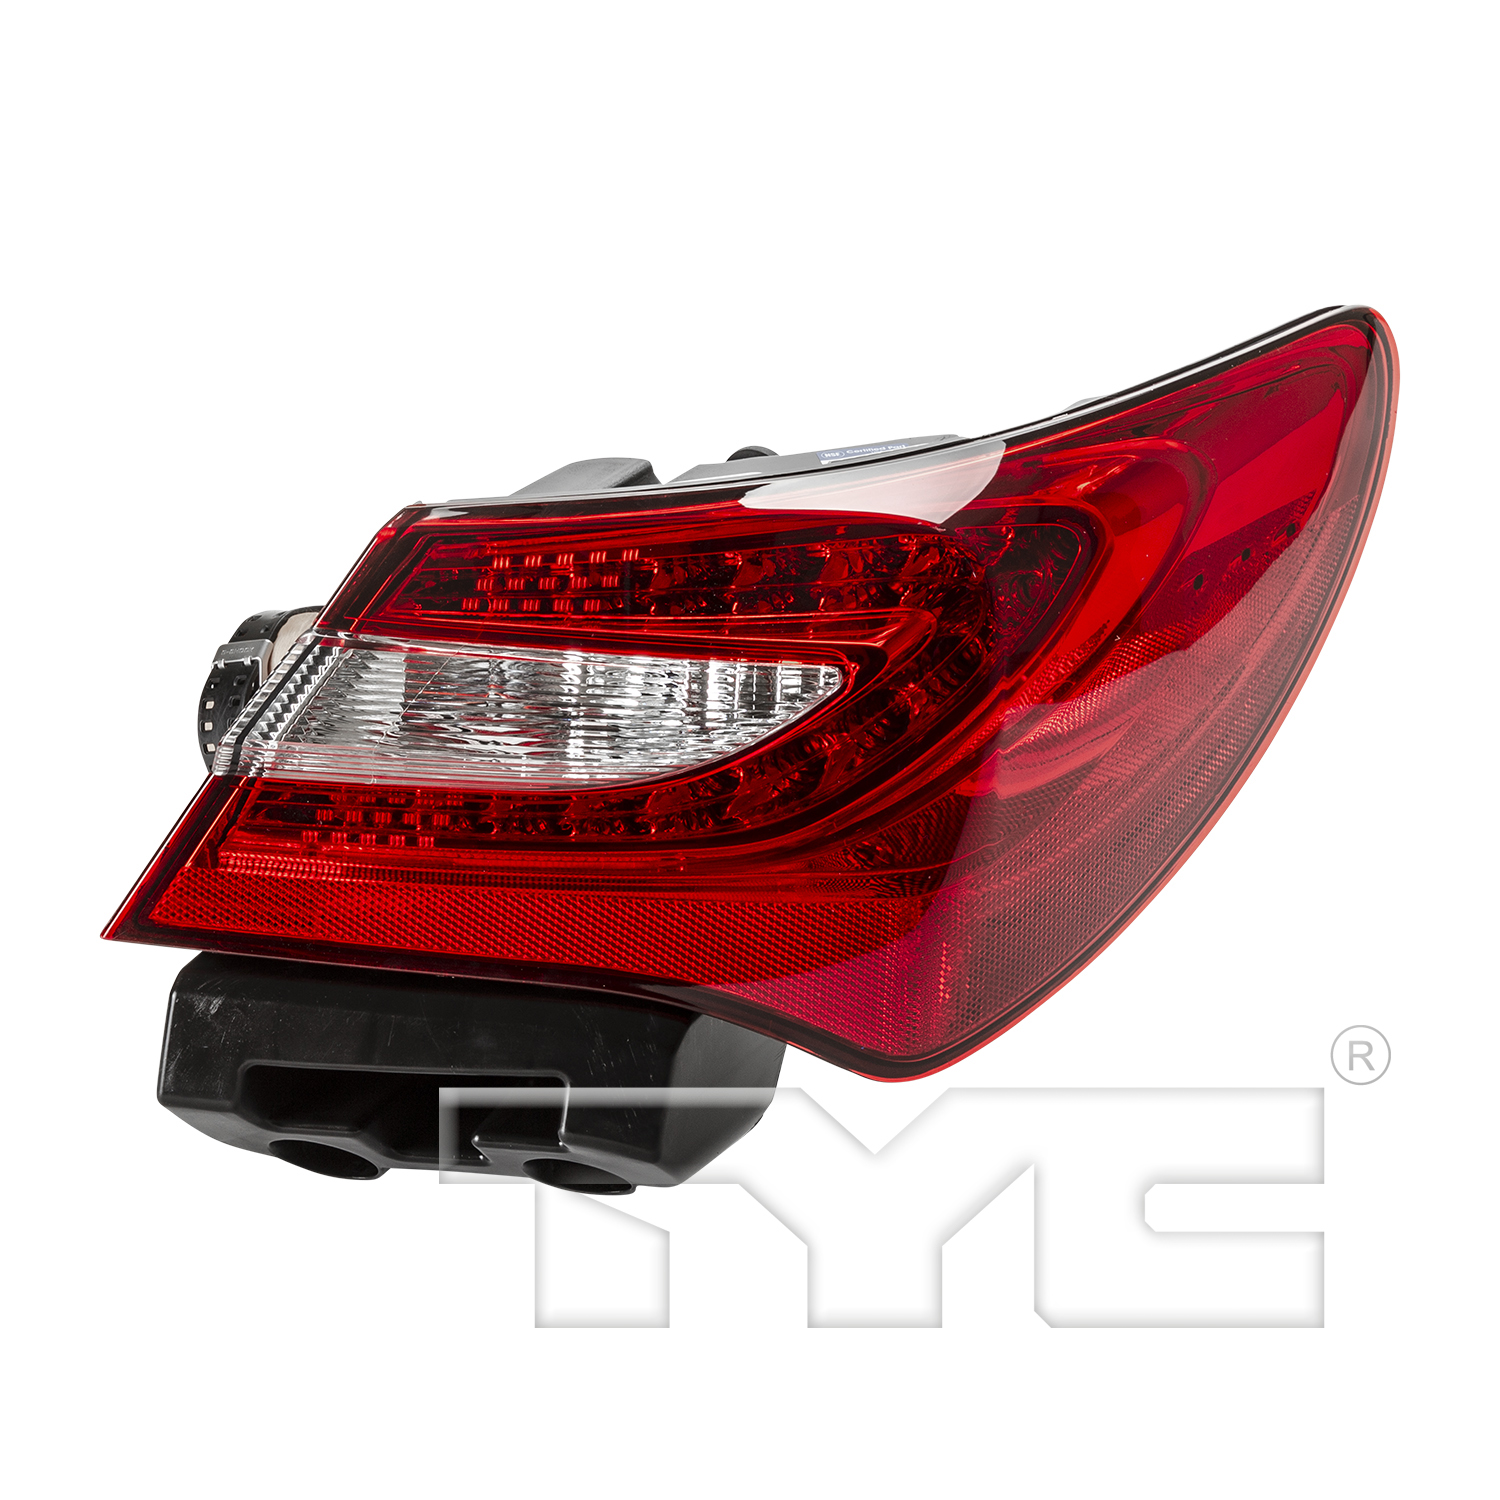 Aftermarket TAILLIGHTS for CHRYSLER - 200, 200,11-14,RT Taillamp lens/housing
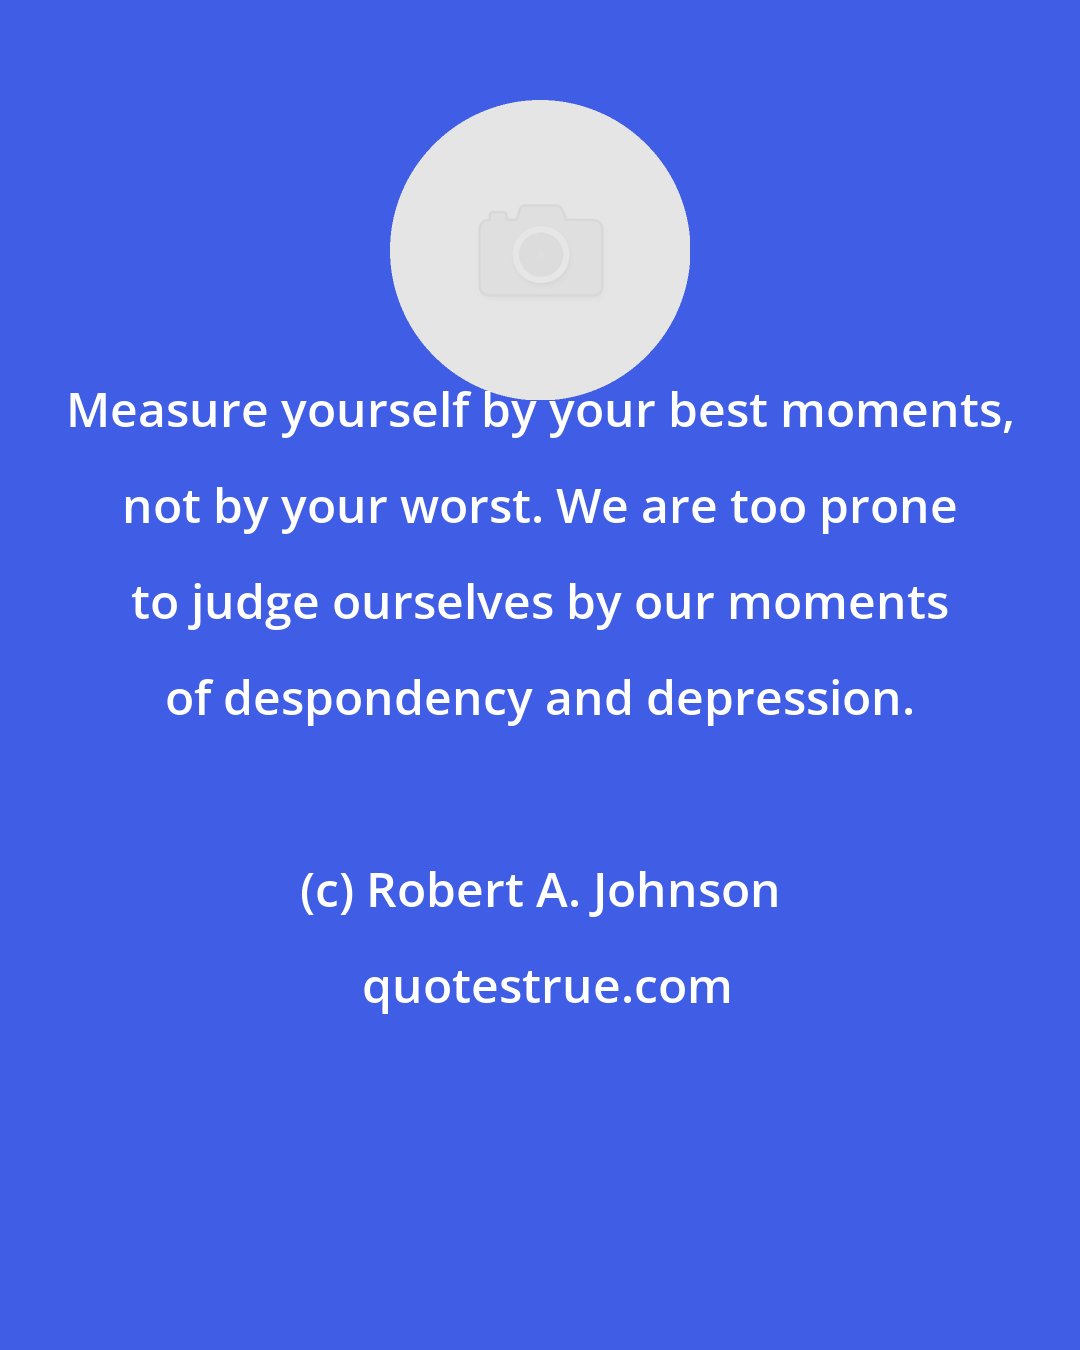 Robert A. Johnson: Measure yourself by your best moments, not by your worst. We are too prone to judge ourselves by our moments of despondency and depression.
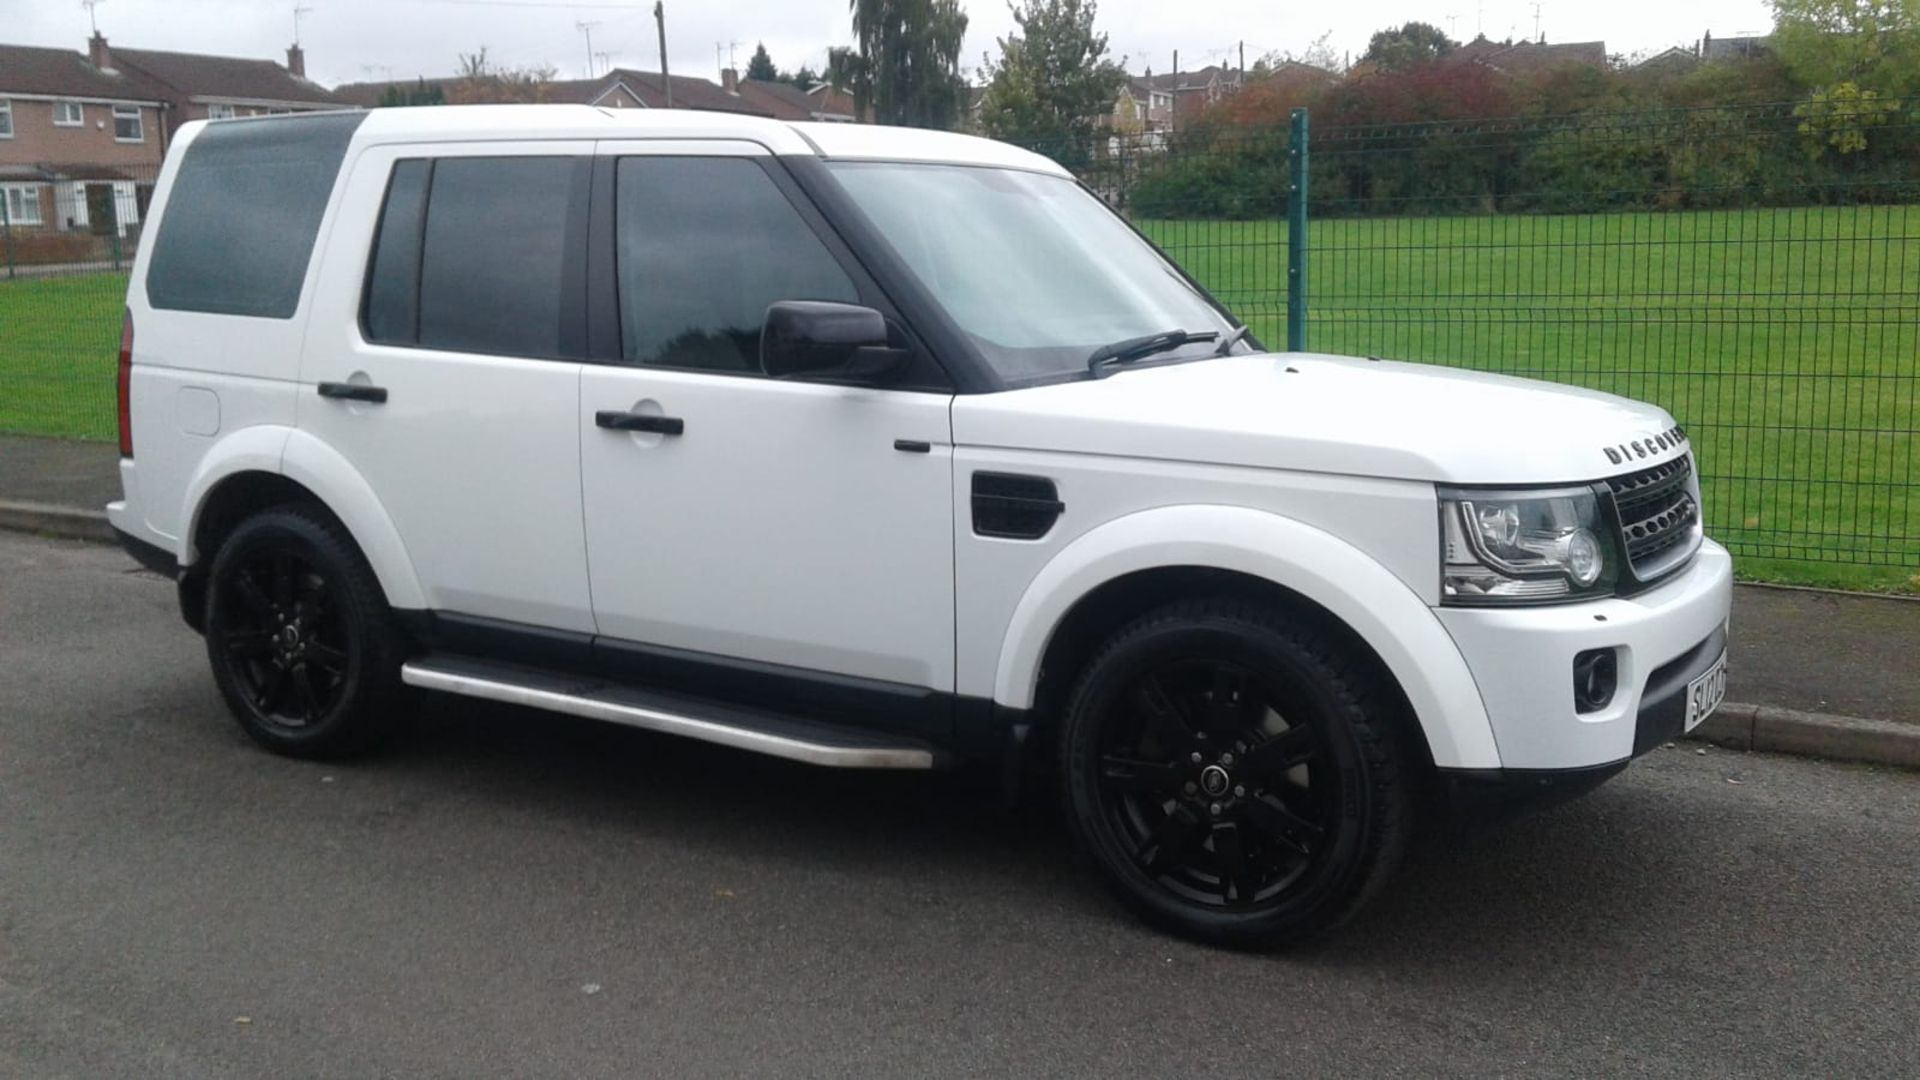 2012/12 REG LAND ROVER DISCOVERY GS SDV6 AUTOMATIC 3.0 DIESEL 4X4, GOOD SERVICE HISTORY *NO VAT*

-----

▶ _Task_:
Please copy the data shown above word for word, omitting the pictures.

▶ _Result_:
 Aftermarket TAILLIGHTS for CHRYSLER - 200, 200,11-14,RT Taillamp lens/housing
 Robert A. Johnson: Measure yourself by your best moments, not by your worst. We are too prone to judge ourselves by our moments of despondency and depression.
 2012/12 REG LAND ROVER DISCOVERY GS SDV6 AUTOMATIC 3.0 DIESEL 4X4, GOOD SERVICE HISTORY *NO VAT*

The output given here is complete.